<DIV ALIGN=CENTER>

# Introduction to Spark
## DataFrames, SQL, and Basic Data Analysis
## Professor Robert J. Brunner
  
</DIV>  
-----
-----

## Introduction

In this IPython Notebook, we explore using Spark to perform data
processing in a similar maner to our previous efforts with Pandas.
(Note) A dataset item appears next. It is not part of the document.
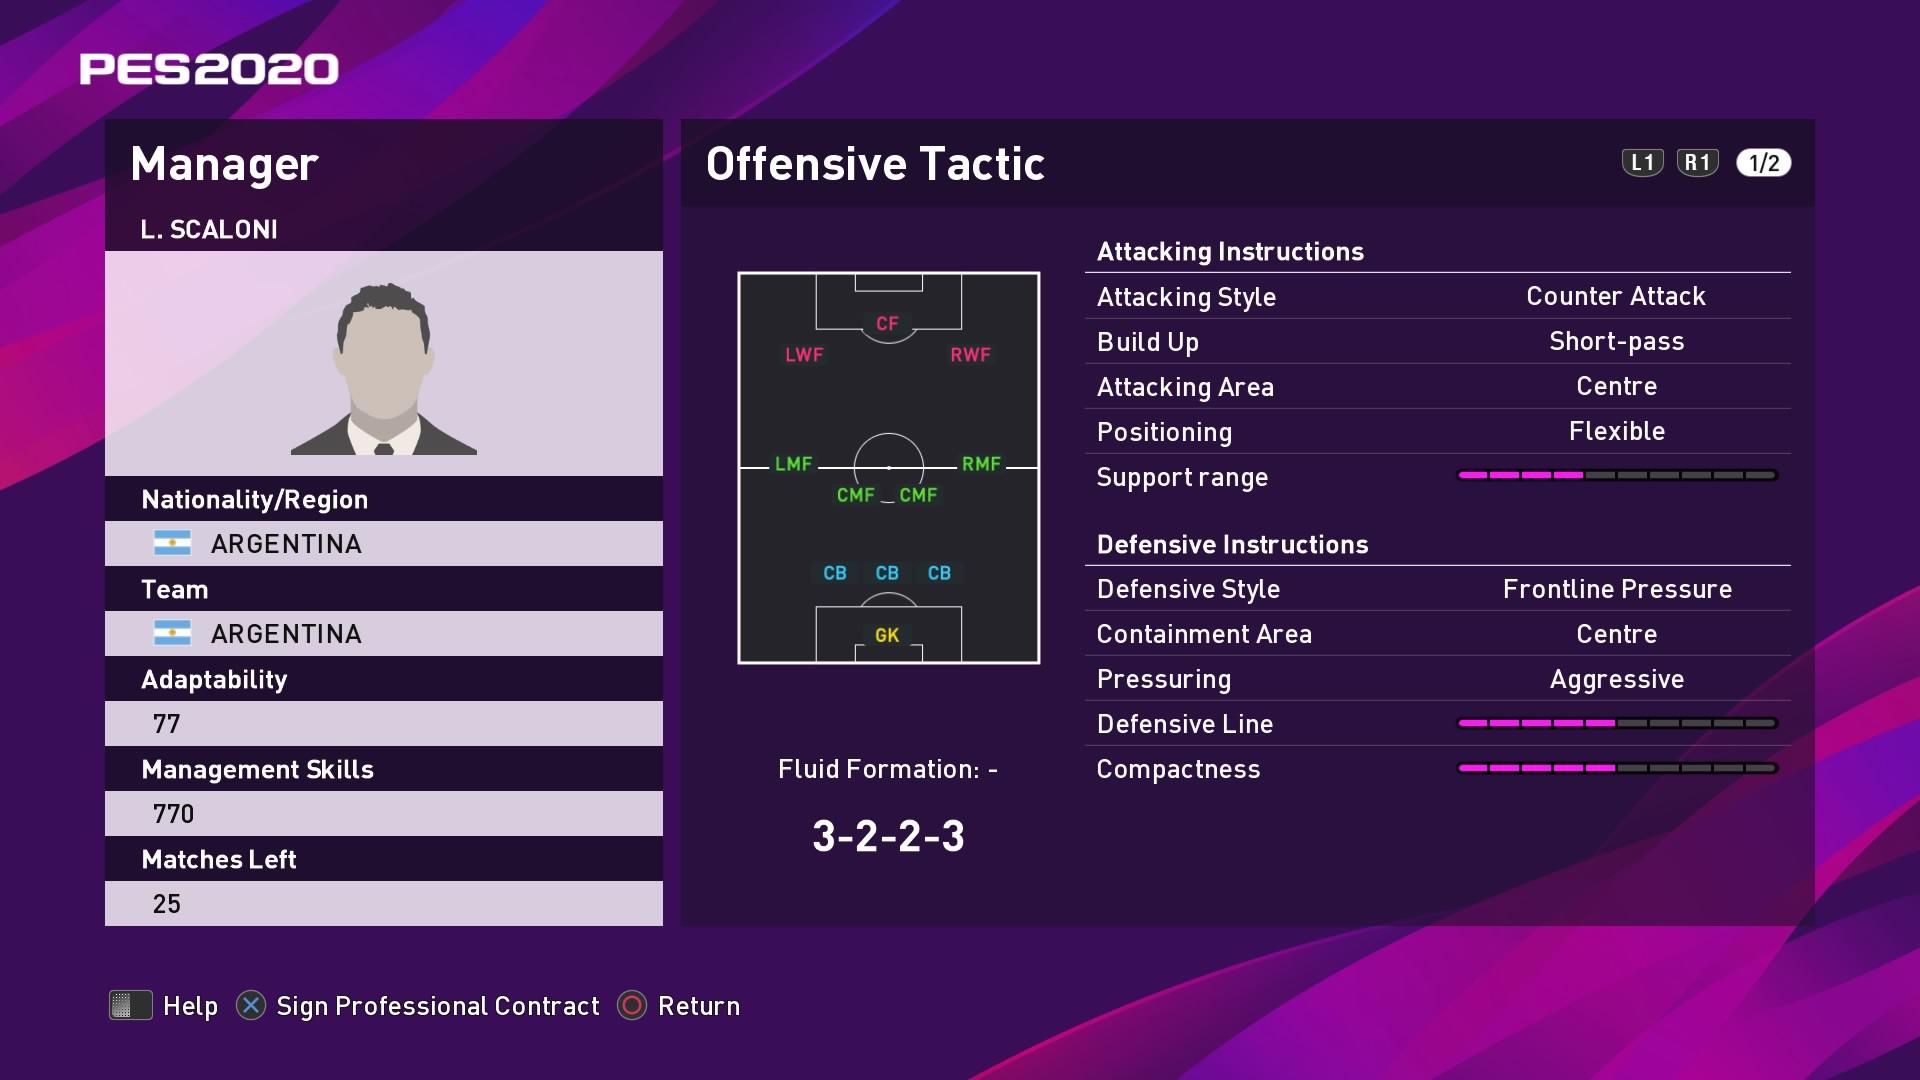 L. Scaloni ( Lionel Scaloni) Offensive Tactic in PES 2020 myClub

For
this we will use the airline data, which has been stored in an HDFS
system that is accesible from within our Spark cluster. [Other][dw]
tutorials exist, although they often focus on Scala examples since Spark
is written for that language.

-----
[sp]: http://spark.apache.org
[sh]: http://hadoop.apache.org
[sy]: https://hadoop.apache.org/docs/current/hadoop-yarn/hadoop-yarn-site/YARN.html
[shdfs]: https://hadoop.apache.org/docs/current/hadoop-project-dist/hadoop-hdfs/HdfsUserGuide.html
[sce]: http://techcrunch.com/2015/07/12/spark-and-hadoop-are-friends-not-foes/
[dw]: https://github.com/deanwampler/spark-workshop/tree/master/tutorial

In [1]:
# We release the SparkContext if it exists.
try:
    sc
except:
    pass ;
else:
    sc.stop()

# Now handle initial import statements
from pyspark import SparkConf, SparkContext

# Create new Spark Configuration (port numbers might need to be adjusted from defaults.)
myconf = SparkConf()
myconf.setMaster('local[*]')
myconf.setAppName("INFO490 SP16 W14-NB2: Professor Brunner")
myconf.set('spark.executor.memory', '1g')
#myconf.set("spark.driver.extraLibraryPath","/home/data_scientist/spark-cassandra-connector-1.6.0-M2-s_2.11.jar")
#myconf.set("spark.driver.extraClassPath","/home/data_scientist/spark-cassandra-connector-1.6.0-M2-s_2.11.jar")
#myconf.set("spark.cassandra.connection.host","http://40.124.12.119")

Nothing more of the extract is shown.